Comparative Analysis of Fluctuations in Viscoelastic Stress: A Comparison of the Temporary Network and Dumbbell models

Traditionally, stress fluctuations in flowing and deformed materials are overlooked, with an obvious focus on average stresses in a continuum mechanical approximation. However, these fluctuations, often dismissed as noise, hold the potential to provide direct insights into the material structure and its structure-stress coupling, uncovering detailed aspects of fluid transport and relaxation behaviors. Despite advancements in experimental techniques allowing for the visualization of these fluctuations, their significance remains largely untapped, as modeling efforts continue to target Newtonian fluids within the confines of Gaussian noise assumptions.
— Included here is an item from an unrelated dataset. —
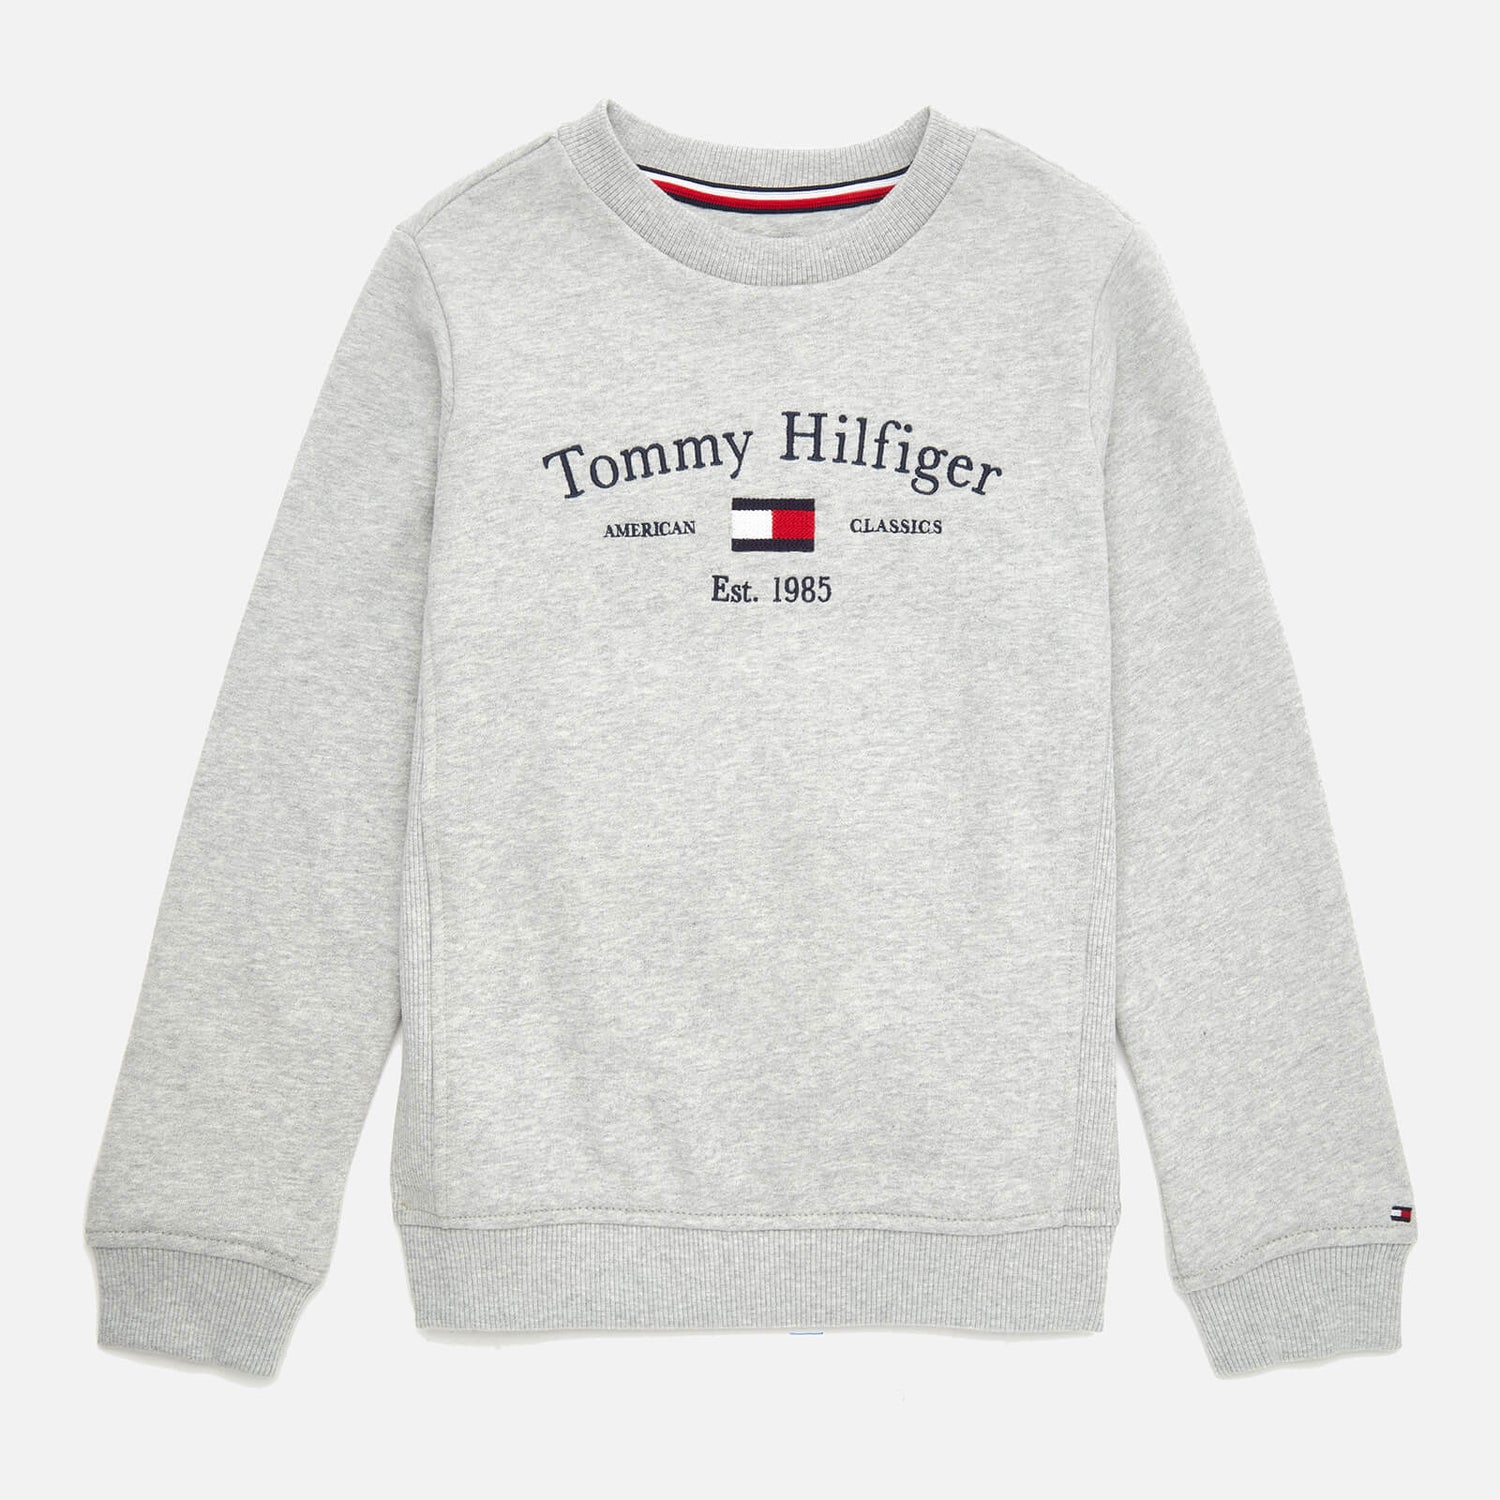 Tommy Hilfiger Boys' Artwork Sweatshirt - Grey Heather
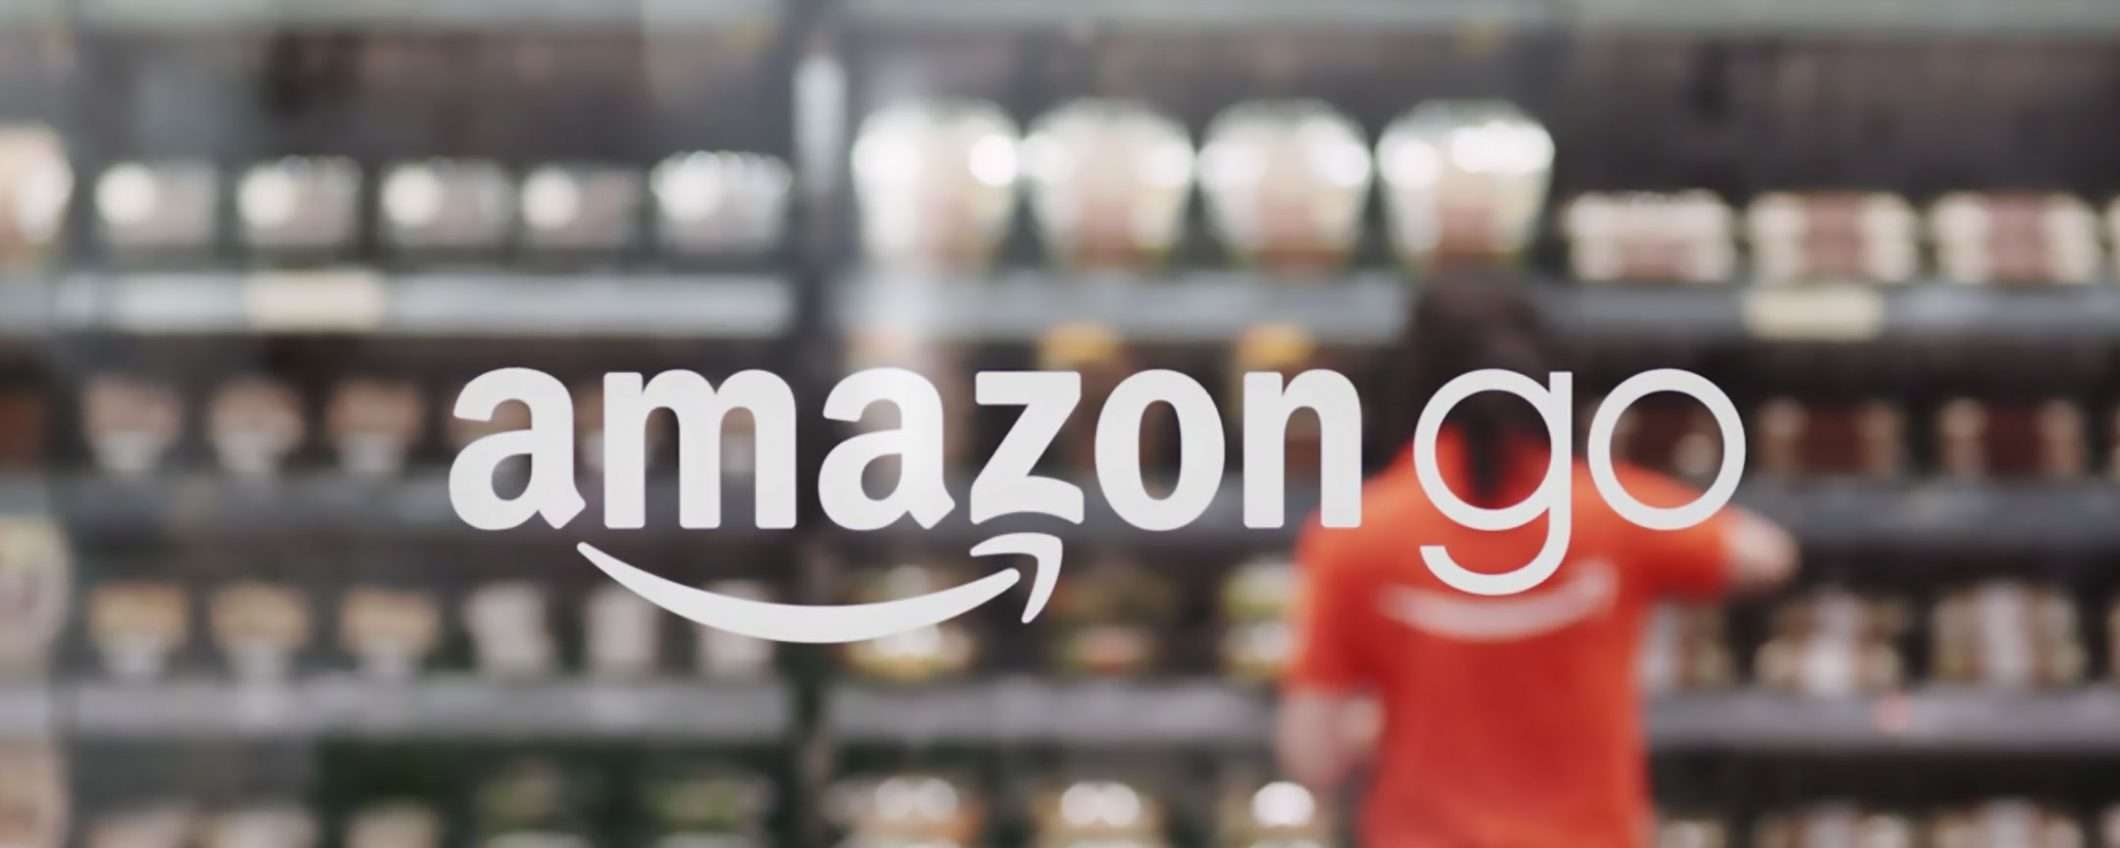 Amazon Go, chiudono 8 supermercati senza cassa

In the present work a comparative analysis of stress fluctuations in two distinct microstructural models is carried out: the temporary network model and the dumbbell model. Despite both models conforming to the Upper Convected Maxwell Model at a macroscopic level, the temporary network model predicts non-Gaussian fluctuations. We find that stress fluctuations within the temporary network model exhibit more pronounced abruptness at local scale, with only an enlargement of the control volume leading to a gradual Gaussian-like noise, diminishing the differences between the two models. These findings underscore the heightened sensitivity of fluctuating rheology to microstructural details and the microstructure-flow coupling, beyond what is captured by macroscopically averaged stresses.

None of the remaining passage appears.